Feds indict veal kingpins for banned drug

From ANIMAL PEOPLE, December 1996:

MILWAUKEE––More than seven
years after the Food and Drug Administration
was first tipped that major U.S. veal producers
were illegally importing and using the banned
synthetic steroid clenbuterol to make calves
gain weight faster, federal indictments and
extradition papers were issued on November
22 against Gerard Hoogendijk, owner of the
Dutch agricultural pharmaceuticals firm Pricor
BV; Gerald L. Travis of Withee, Wisconsin,
owner of Travis Calf Milk Inc. in Neillsville,
Wisconsin; and Jan and Hennie Van Den
Hengel, owners of VIV Inc., a veal farm in
Springville, Pennsyvlania.
The indictments came four days
before John Doppenberg, president of Vitek
Inc., a Pricor subsidiary, was to be sentenced
on a June conviction for conspiracy, smuggling,
and selling unapproved animal drugs.


“Calves who were fed these growthenhancing
drugs were slaughtered and put on
grocery store shelves throughout America,”
said U.S. attorney Thomas Schneider.
Search warrants obtained in late
1994 by Humane Farming Association investigator
Gail Eisnitz say Doppenberg told a witness
that “the clenbuterol used by Vitek in its
animal feed is smuggled into the U.S. by
Gerard Hoogendijk, on his person, when he
enters the U.S. from the Netherlands.”
Vitek allegedly sold more than 1.7
million pounds of products containing clenbuterol
between April 1988 and April 1994.
An informant alerted the FDA in August 1989,
but a joint FDA/USDA probe went nowhere
until U.S. Customs intercepted a clenbuterol
shipment in February 1994.
Said HFA president Brad Miller,
“This drug scandal has shown us that nearly
all the major companies and players [in the
veal business] have been involved.”
Copies of warrants that Eisnitz forwarded
to ANIMAL PEOPLE indicate that
both Hoogendijk and Doppenberg were business
partners of Aat Groenvelt, who introduced
the use of the veal crate to North
America and popularized “milk-fed spring
lamb,” the meat of lambs raised in essentially
the same conditions as crated veal calves.
In a wholly separate but parallel
case, district judge Mary Fahy of Athlone,
Ireland, on October 21 fined four beef farmers
including Ronald Armitage record or nearrecord
amounts for illegally using clenbuterol.
Armitage also drew six months in prison,
appealed, and on November 19 had the sentence
doubled to 12 months.
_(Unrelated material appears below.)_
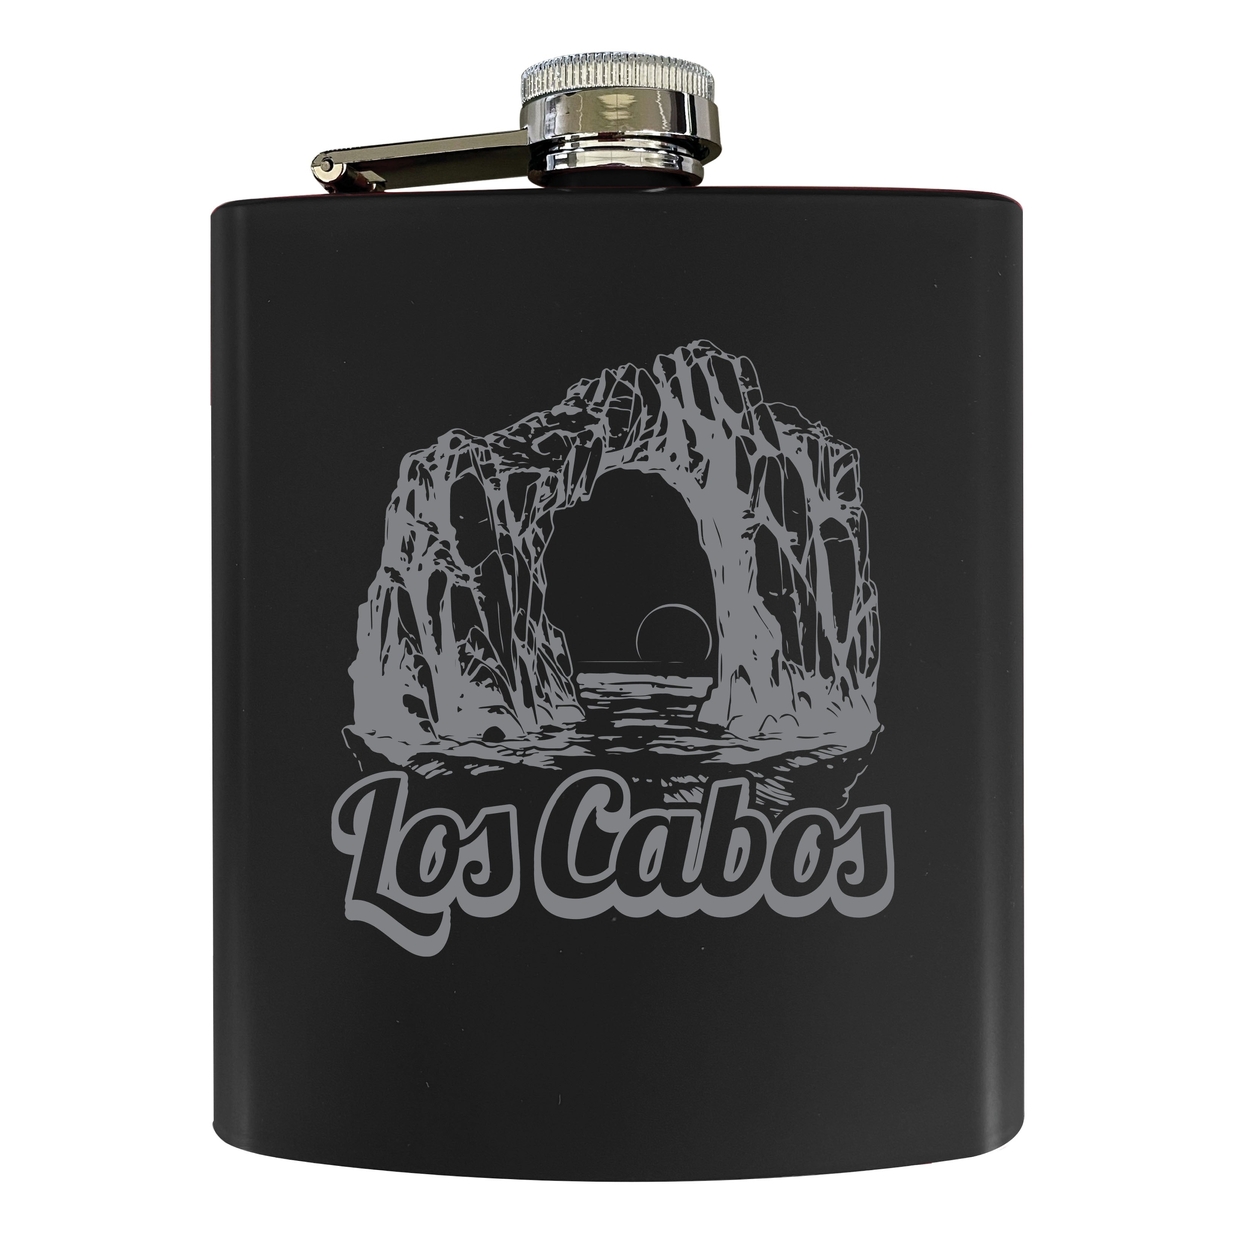 Los Cabos Mexico Souvenir 7 Oz Engraved Steel Flask Matte Finish - Black,,Single Unit

Three days later,
fellow farmer Michael Frisby, 52, drew 10
months for illegal possession of feed mixed
with clenbuterol and/or PCP, a tranquilizer
better known to illegal human users as “angel
dust.” Irish courts have now settled 36 such
cases, with 99 more pending, of which 54
involve clenbuterol, 27 involve hormones,
and 24 involve antibiotics. Twenty-six of the
cases involve two or more substances.